The unrest, triggered by localized urban labor and fuel distribution disputes, temporarily halted trucking corridors that normally move about 2,200 containers per day. While Tanzania’s 2025 GDP growth forecast of 5.7% remains intact, the brief suspension introduced a marginal output gap of roughly 0.1 percentage points if congestion were to persist beyond one week. The Central Corridor—responsible for 70% of Rwanda’s imports and 80% of Burundi’s fuel—experienced short-term delays that underscored how non-economic shocks can generate fiscal and external-sector effects through customs shortfalls, demurrage costs, and temporary exchange-rate pressure.
The Tanzania Ports Authority (TPA) recently completed a $450 million modernization program under the FYDP III framework, raising container throughput capacity to 1.6 million TEUs and cutting average dwell time from 12 to 6 days. The closure briefly reversed operational efficiency gains, prompting some shipping lines to reroute to Mombasa and Beira. Maritime insurance premiums across East African routes rose an estimated 8–10 basis points during the period, reflecting transient risk repricing. The swift reopening on 1 November, coordinated by TPA, the Police Force, and the Ministry of Works and Transport, restored functionality within 36 hours—demonstrating institutional responsiveness uncommon among frontier peers.

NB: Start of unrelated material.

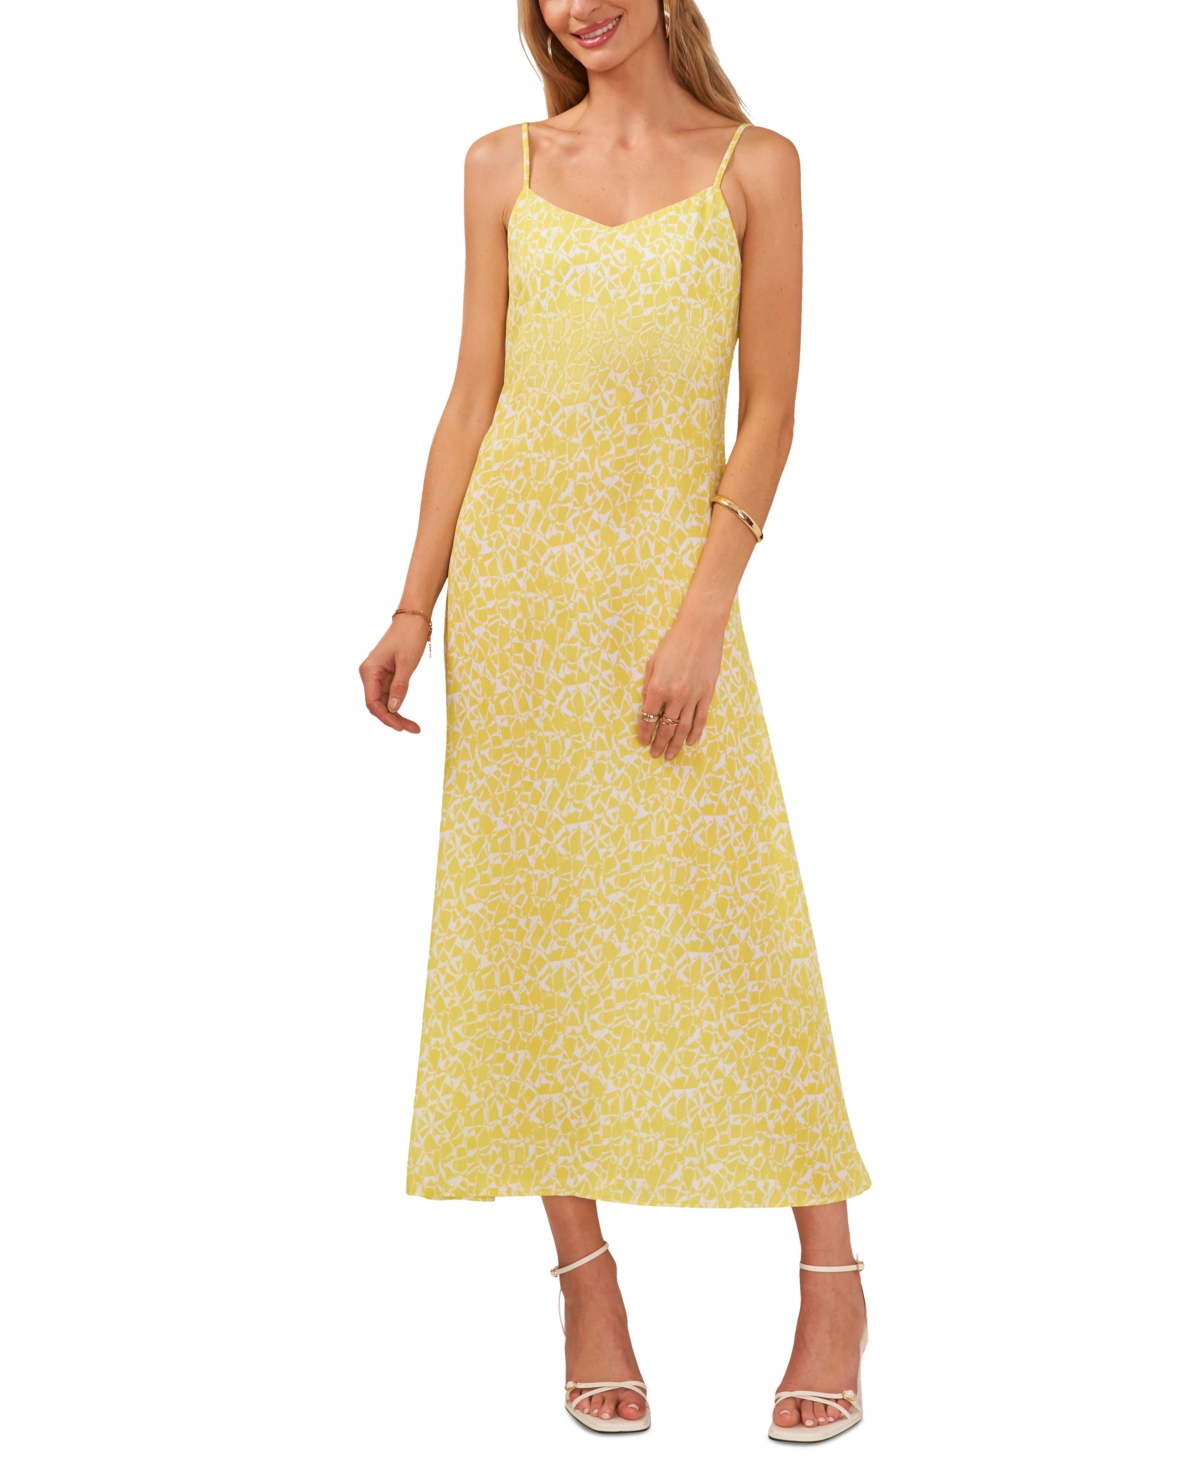 Women's Printed V-Neck Spaghetti-Strap Midi Dress - Bright Lemon

Macroeconomic fundamentals remained stable. Headline inflation held at 3.2% in October, the Tanzanian shilling stabilized near TZS/USD 2,515, and reserves covered about 4.9 months of imports. However, port-linked revenues, accounting for roughly 7% of government non-tax income, underscore fiscal sensitivity to logistics disruptions. Freight charges for regional exporters—especially Zambian and DRC copper and gold shipments routed through Dar—rose by around 7% before normalizing later in the week.
From a market standpoint, the incident may introduce a temporary caution premium on Tanzanian logistics-linked assets, but systemic investor confidence remains intact given the short duration. The episode reinforces the strategic rationale for redundancy via the Bagamoyo and Mtwara port expansion projects, now approaching mid-phase completion under public-private partnership frameworks. Diversification of maritime capacity is increasingly viewed as essential for sustaining East Africa’s trade resilience amid climate and security volatility.
Looking ahead to 2026, three indicators will determine the sector’s recovery trajectory: average dwell time remaining below six days, freight volumes exceeding pre-closure levels of roughly 20 million tonnes, and insurance rates returning to baseline by mid-2026. Achieving these thresholds would confirm that the October 2025 unrest was a short-term operational shock rather than a systemic constraint, preserving the integrity of Tanzania’s ongoing $3.4 billion national logistics and trade-facilitation agenda.